Paolo Bonzini July 7, 2016, 12:29 p.m. UTC | #1
On 07/07/2016 14:18, Wanpeng Li wrote:
> From: Wanpeng Li <wanpeng.li@hotmail.com>
> 
> We will go to vcpu_run() loop after L0 emulates VMRESUME which maybe 
> incur kvm_sched_out and kvm_sched_in operations since cond_resched() 
> will be called once need resched. Preemption timer will be reprogrammed 
> if vCPU is scheduled to a different pCPU. Then the preemption timer 
> bit of vmcs02 will be set if L0 enable preemption timer to run L1 even 
> if L1 doesn't enable preemption timer to run L2.
> 
> This patch fix it by don't reprogram preemption timer of vmcs02 if L1's 
> vCPU is scheduled on diffent pCPU when we are in the way to vmresume 
> nested guest, and fallback to hrtimer based emulated method.
> 
> Cc: Paolo Bonzini <pbonzini@redhat.com>
> Cc: Radim Krčmář <rkrcmar@redhat.com>
> Cc: Yunhong Jiang <yunhong.jiang@intel.com>
> Cc: Jan Kiszka <jan.kiszka@siemens.com>
> Cc: Haozhong Zhang <haozhong.zhang@intel.com>
> Signed-off-by: Wanpeng Li <wanpeng.li@hotmail.com>
> ---
> v3 -> v4:
>  * fallback to hrtimer based emulated method when in the way to vmresume nested guest 
> 
>  arch/x86/kvm/x86.c | 3 ++-
>  1 file changed, 2 insertions(+), 1 deletion(-)
> 
> diff --git a/arch/x86/kvm/x86.c b/arch/x86/kvm/x86.c
> index 0cc6cf8..05137c0 100644
> --- a/arch/x86/kvm/x86.c
> +++ b/arch/x86/kvm/x86.c
> @@ -2743,8 +2743,9 @@ void kvm_arch_vcpu_load(struct kvm_vcpu *vcpu, int cpu)
>  			mark_tsc_unstable("KVM discovered backwards TSC");
>  
>  		if (kvm_lapic_hv_timer_in_use(vcpu) &&
> +			(is_guest_mode(vcpu) ||
>  				kvm_x86_ops->set_hv_timer(vcpu,
> -					kvm_get_lapic_tscdeadline_msr(vcpu)))
> +					kvm_get_lapic_tscdeadline_msr(vcpu))))
>  			kvm_lapic_switch_to_sw_timer(vcpu);
>  		if (check_tsc_unstable()) {
>  			u64 offset = kvm_compute_tsc_offset(vcpu,
> 

Thanks, this is good as a fallback.  I'll try to fix it by getting the
pin-based execution controls right but if I fail this patch is okay.

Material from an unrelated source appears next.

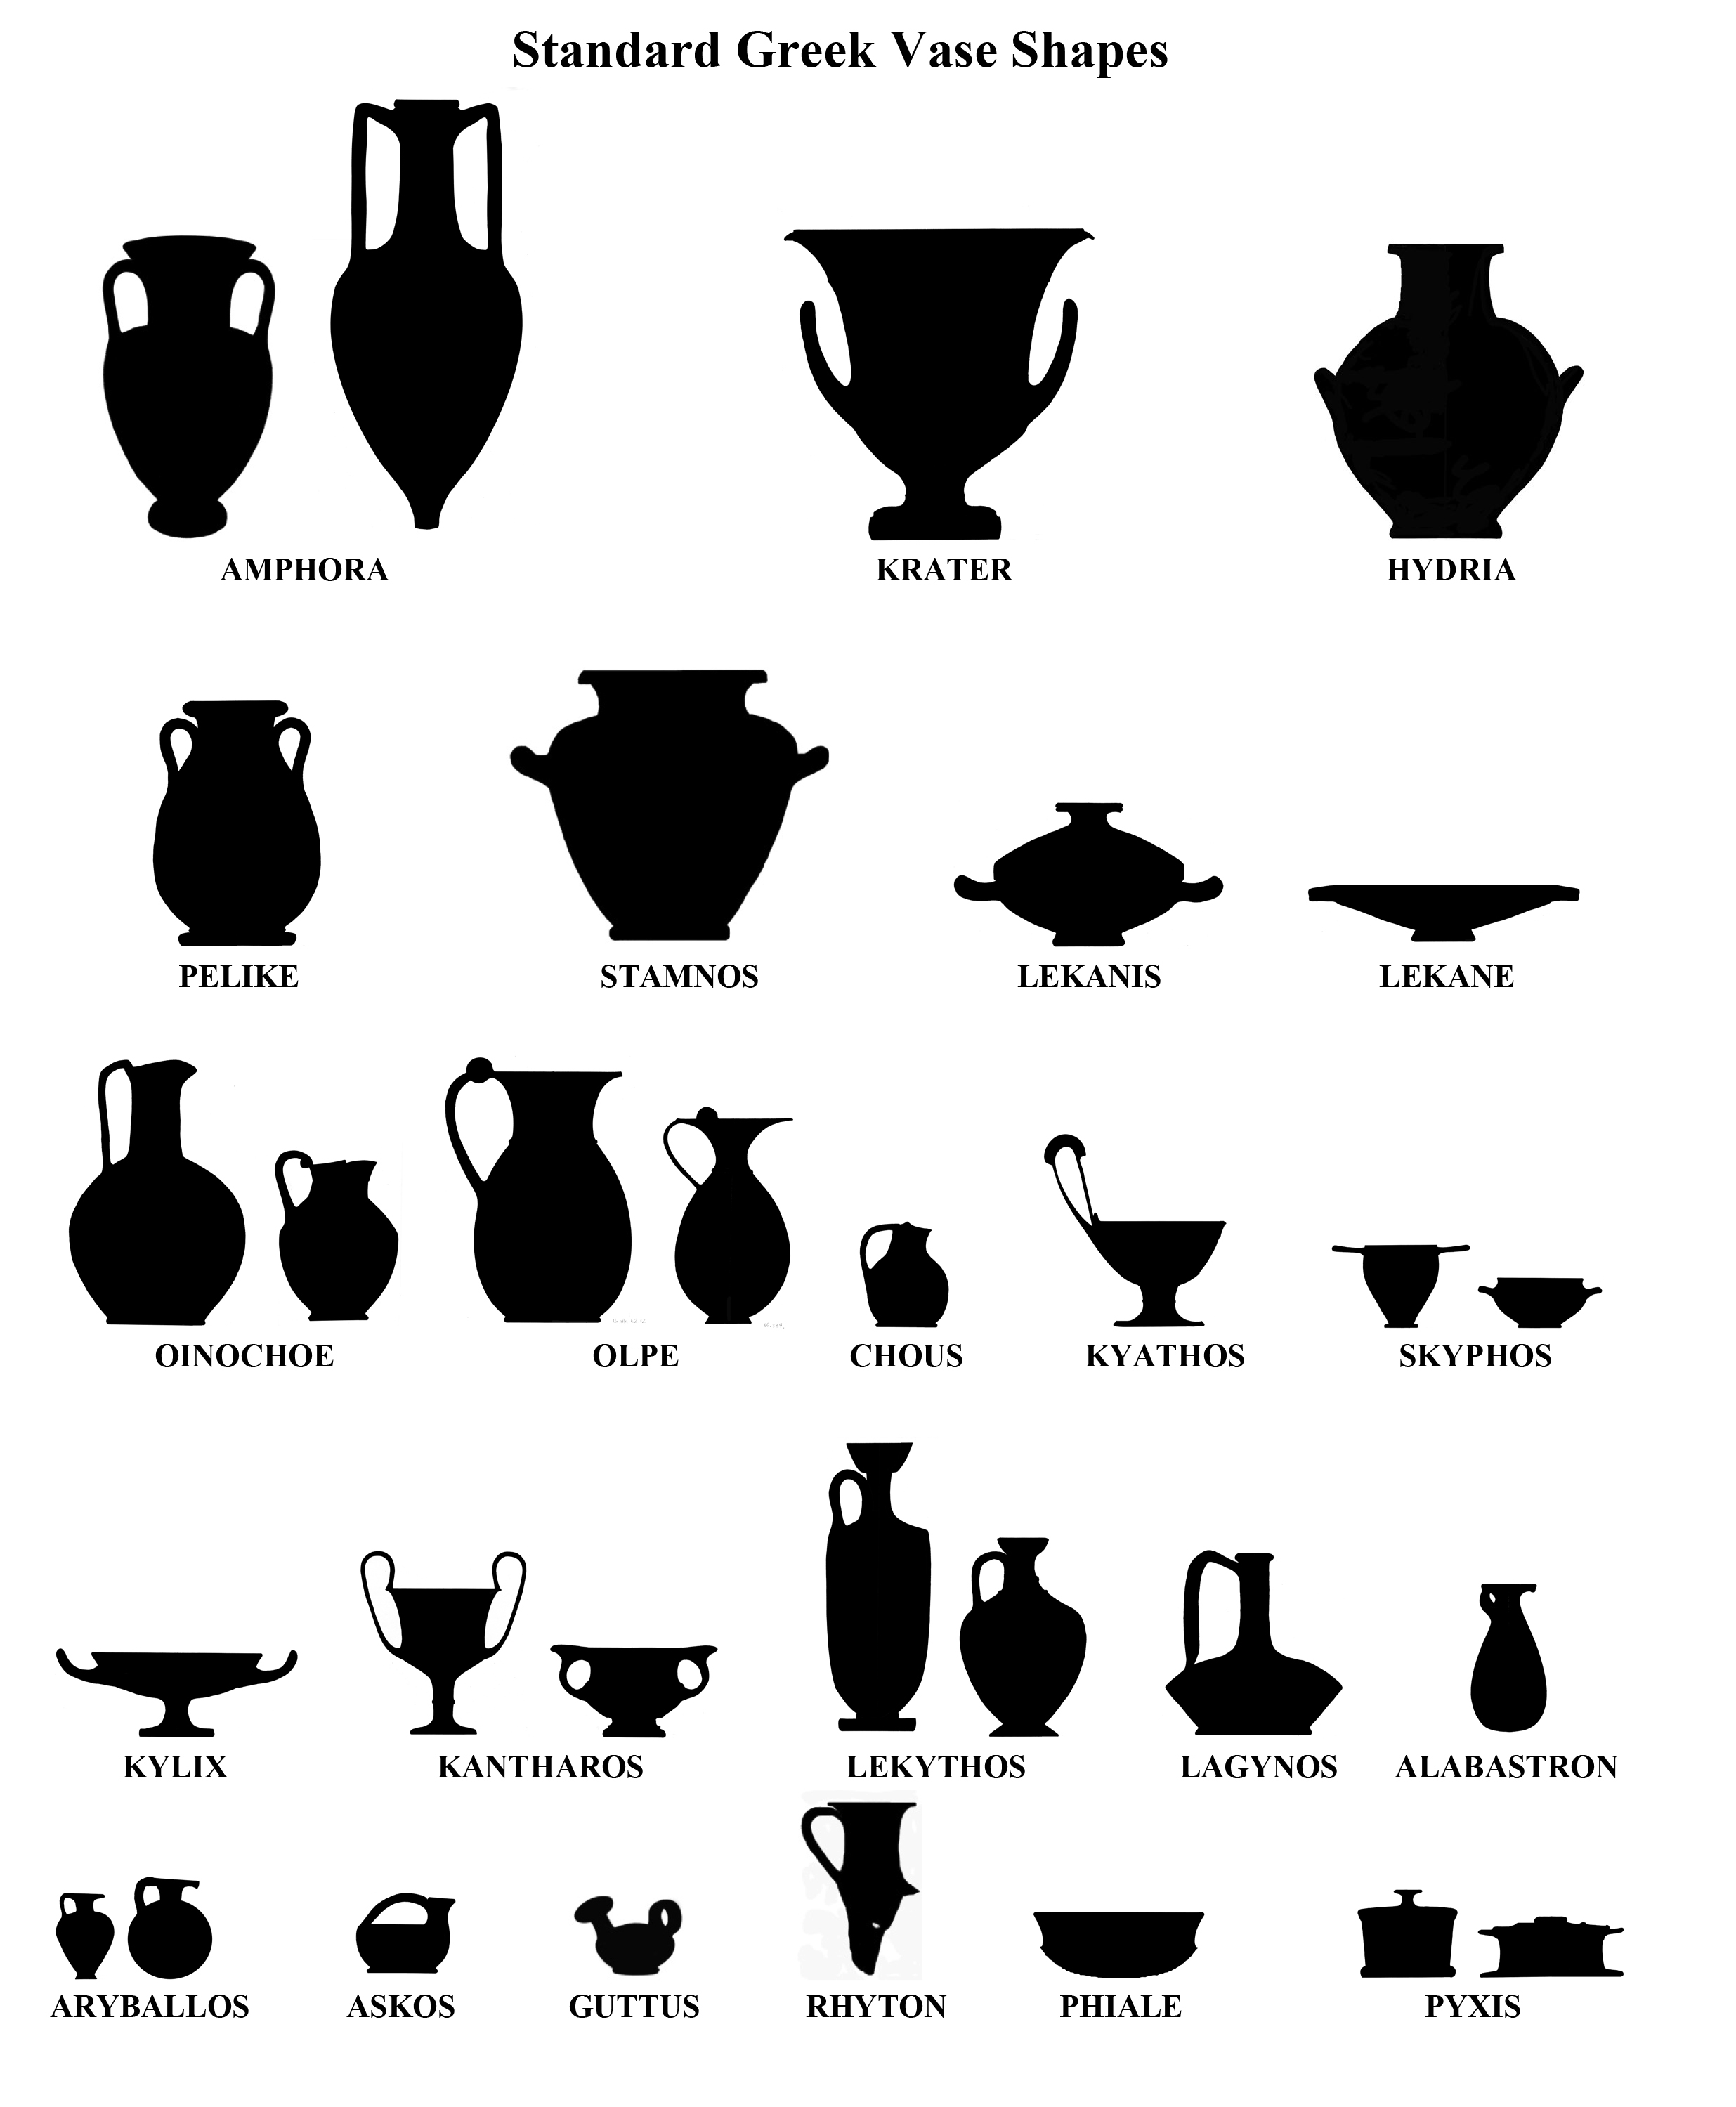 Vase shapes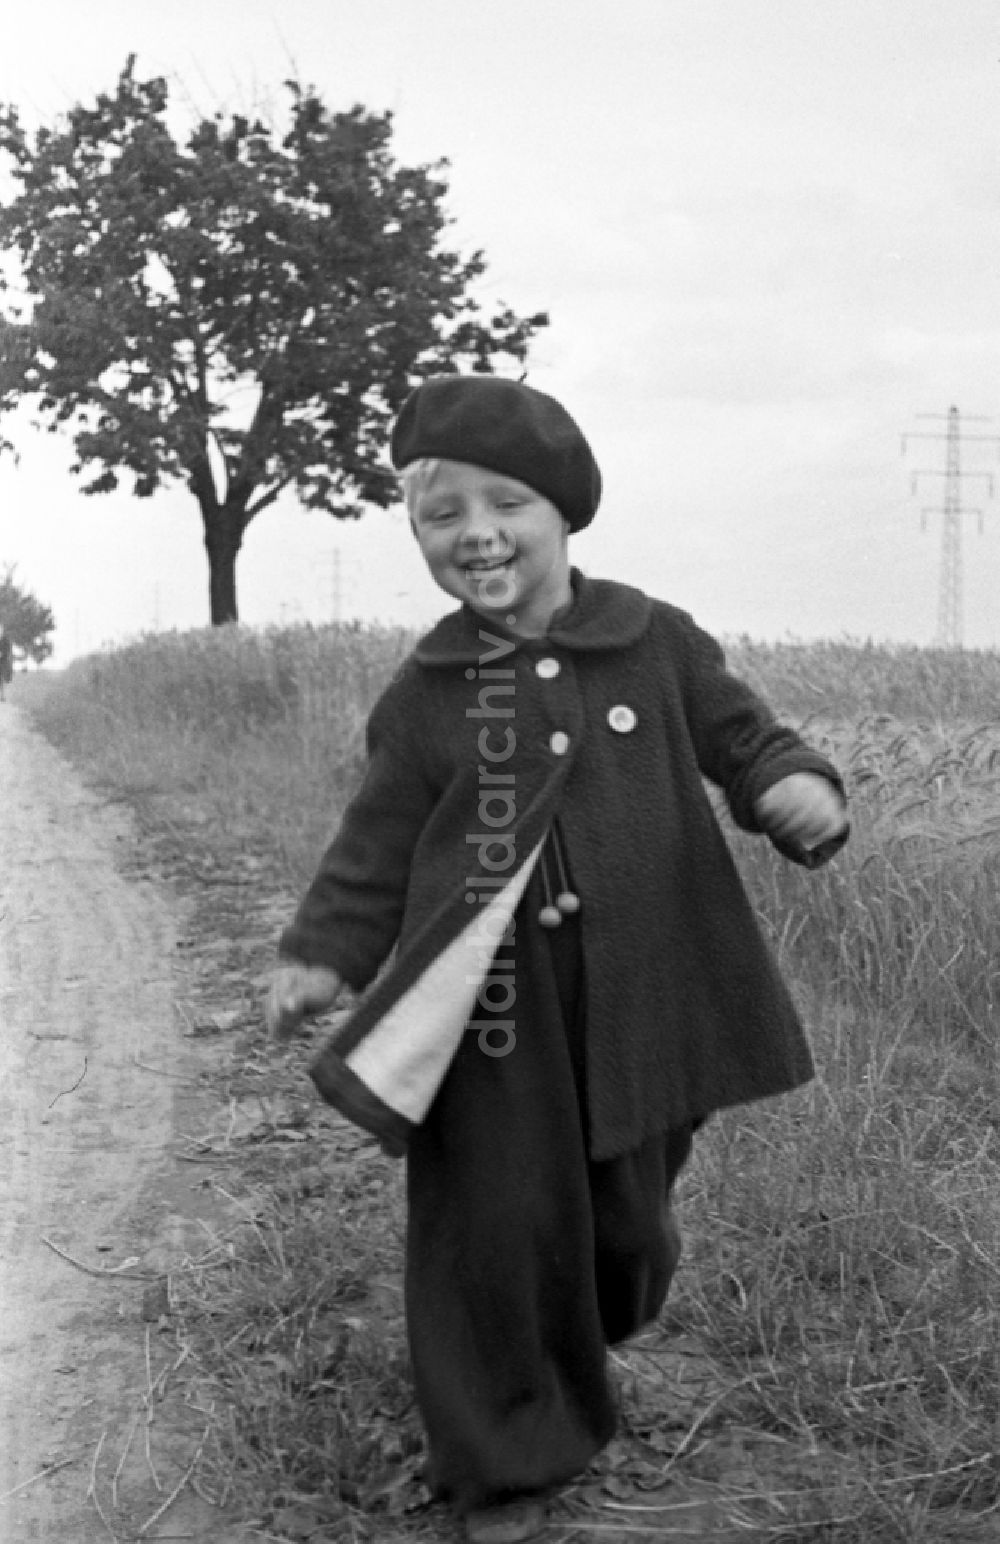 DDR-Fotoarchiv: Merseburg - Kleines Kind in Pumphosen und mit Baskenmütze in Merseburg im Bundesland Sachsen-Anhalt auf dem Gebiet der ehemaligen DDR, Deutsche Demokratische Republik

Reviewed-by: Paolo Bonzini <pbonzini@redhat.com>
--
To unsubscribe from this list: send the line "unsubscribe kvm" in
the body of a message to majordomo@vger.kernel.org
More majordomo info at  http://vger.kernel.org/majordomo-info.html
Wanpeng Li July 7, 2016, 1:23 p.m. UTC | #2
2016-07-07 20:29 GMT+08:00 Paolo Bonzini <pbonzini@redhat.com>:
>
>
> On 07/07/2016 14:18, Wanpeng Li wrote:
>> From: Wanpeng Li <wanpeng.li@hotmail.com>
>>
>> We will go to vcpu_run() loop after L0 emulates VMRESUME which maybe
>> incur kvm_sched_out and kvm_sched_in operations since cond_resched()
>> will be called once need resched. Preemption timer will be reprogrammed
>> if vCPU is scheduled to a different pCPU. Then the preemption timer
>> bit of vmcs02 will be set if L0 enable preemption timer to run L1 even
>> if L1 doesn't enable preemption timer to run L2.
>>
>> This patch fix it by don't reprogram preemption timer of vmcs02 if L1's
>> vCPU is scheduled on diffent pCPU when we are in the way to vmresume
>> nested guest, and fallback to hrtimer based emulated method.
>>
>> Cc: Paolo Bonzini <pbonzini@redhat.com>
>> Cc: Radim Krčmář <rkrcmar@redhat.com>
>> Cc: Yunhong Jiang <yunhong.jiang@intel.com>
>> Cc: Jan Kiszka <jan.kiszka@siemens.com>
>> Cc: Haozhong Zhang <haozhong.zhang@intel.com>
>> Signed-off-by: Wanpeng Li <wanpeng.li@hotmail.com>
>> ---
>> v3 -> v4:
>>  * fallback to hrtimer based emulated method when in the way to vmresume nested guest
>>
>>  arch/x86/kvm/x86.c | 3 ++-
>>  1 file changed, 2 insertions(+), 1 deletion(-)
>>
>> diff --git a/arch/x86/kvm/x86.c b/arch/x86/kvm/x86.c
>> index 0cc6cf8..05137c0 100644
>> --- a/arch/x86/kvm/x86.c
>> +++ b/arch/x86/kvm/x86.c
>> @@ -2743,8 +2743,9 @@ void kvm_arch_vcpu_load(struct kvm_vcpu *vcpu, int cpu)
>>                       mark_tsc_unstable("KVM discovered backwards TSC");
>>
>>               if (kvm_lapic_hv_timer_in_use(vcpu) &&
>> +                     (is_guest_mode(vcpu) ||
>>                               kvm_x86_ops->set_hv_timer(vcpu,
>> -                                     kvm_get_lapic_tscdeadline_msr(vcpu)))
>> +                                     kvm_get_lapic_tscdeadline_msr(vcpu))))
>>                       kvm_lapic_switch_to_sw_timer(vcpu);
>>               if (check_tsc_unstable()) {
>>                       u64 offset = kvm_compute_tsc_offset(vcpu,
>>
>
> Thanks, this is good as a fallback.  I'll try to fix it by getting the
> pin-based execution controls right but if I fail this patch is okay.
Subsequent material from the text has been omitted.